Substitute \(\hat{\beta}_0\) (Eq. (13.3)) for \(\beta_0\) and set equal to zero:

\[\begin{split}0 &= \sum_{i=1}^n x_i y_i - (\bar{y}-\beta_1 \bar{x})\sum_{i=1}^n x_i - \beta_1 \sum_{i=1}^n x_i^2\\ &= \sum_{i=1}^n x_i y_i - (\bar{y}-\beta_1 \bar{x})n\bar{x} - \beta_1 \sum_{i=1}^n x_i^2\\ &= \sum_{i=1}^n x_i y_i - n\bar{x}\bar{y} - \beta_1 (\sum_{i=1}^n x_i^2 - n \bar{x}^2)\end{split}\]

Isolate \(\beta_1\) to obtain:

(13.4)\[\hat{\beta}_1 = \frac{\sum_{i=1}^n x_i y_i - n\bar{x}\bar{y}}{\sum_{i=1}^n x_i^2 - n\bar{x}^2}\]

Summary

Slope estimate:

\[\hat{\beta}_1 = \frac{\sum_{i=1}^n x_i y_i - n\bar{x}\bar{y}}{\sum_{i=1}^n x_i^2 - n\bar{x}^2}\]

Intercept estimate:

\[\hat{\beta}_0 = \bar{y} - \hat{\beta}_1 \bar{x}\]

Alternative Notation

The symbols \(b_0\) and \(b_1\) are used interchangeably with \(\hat{\beta}_0\) and \(\hat{\beta}_1\), respectively.

Alternative Expressions of the Slope Estimate

Several alternative expressions exist for the slope estimate \(\hat{\beta}_1\), each offering a different perspective on its relation to various components of regression analysis. Being able to transition freely between these forms is key to deepening the intuition for linear regression and enabling efficient computation.

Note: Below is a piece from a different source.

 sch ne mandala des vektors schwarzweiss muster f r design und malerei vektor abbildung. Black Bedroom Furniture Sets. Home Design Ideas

Define the sum of cross products and the sum of sqaures of \(X\) as:

  • \(S_{XY} = \sum_{i=1}^n (x_i - \bar{x})(y_i - \bar{y})\)

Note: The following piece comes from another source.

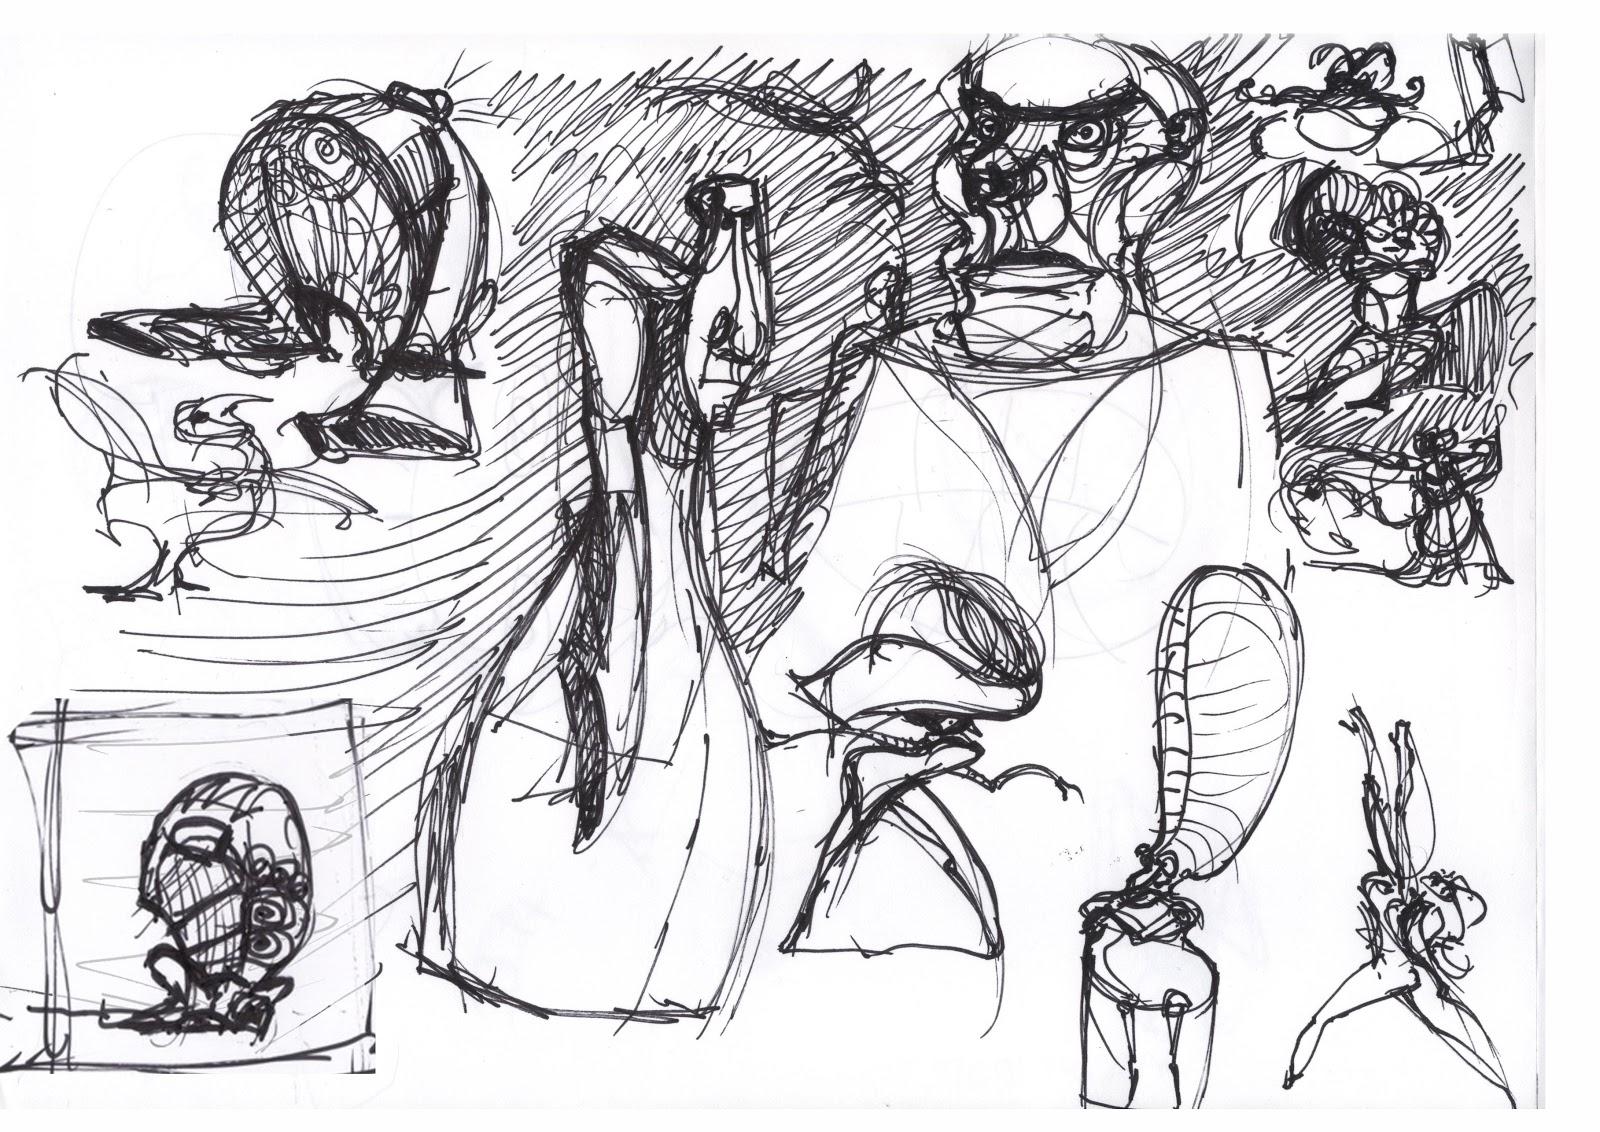 Yolantele October S Sketchbook

  • \(S_{XX} = \sum_{i=1}^n (x_i - \bar{x})^2\)

In addition, the sample covariance of \(X\) and \(Y\) is denoted \(s_{XY}\) (lower case \(s\)) and defined as:

\[s_{XY} = \frac{ \sum_{i=1}^n (x_i - \bar{x})(y_i - \bar{y})}{n-1}\]

Also recall that \(s_X^2 = \frac{\sum_{i=1}^n (x_i - \bar{x})^2}{n-1}\) denotes the sample variance of \(x_1, \cdots, x_n\).

Then \(\hat{\beta}_1\) (13.4) can also be written as:

(13.5)\[\hat{\beta}_1 = \frac{S_{XY}}{S_{XX}} = \frac{s_{XY}}{s^2_X} = \frac{\sum_{i=1}^n (x_i -\bar{x})(y_i - \bar{y})}{\sum_{i=1}^n (x_i - \bar{x})^2}\]

Exercise: Prove equality between the alternative expressions

Hint: Showing the second and third equality of (13.5) is relatively simple. To show the first equality, begin with the numerators:

\[\begin{split}\sum_{i=1}^n (x_i -\bar{x})(y_i - \bar{y}) &= \sum_{i=1}^n x_i y_i -\bar{x}\sum_{i=1}^n y_i -\bar{y}\sum_{i=1}^n x_i + n\bar{x}\bar{y}\\ &= \sum_{i=1}^n x_i y_i -\bar{x}(n\bar{y}) -\bar{y}(n\bar{x}) + n\bar{x}\bar{y}\\ &= \sum_{i=1}^n x_i y_i -n\bar{x}\bar{y} \quad ✅\end{split}\]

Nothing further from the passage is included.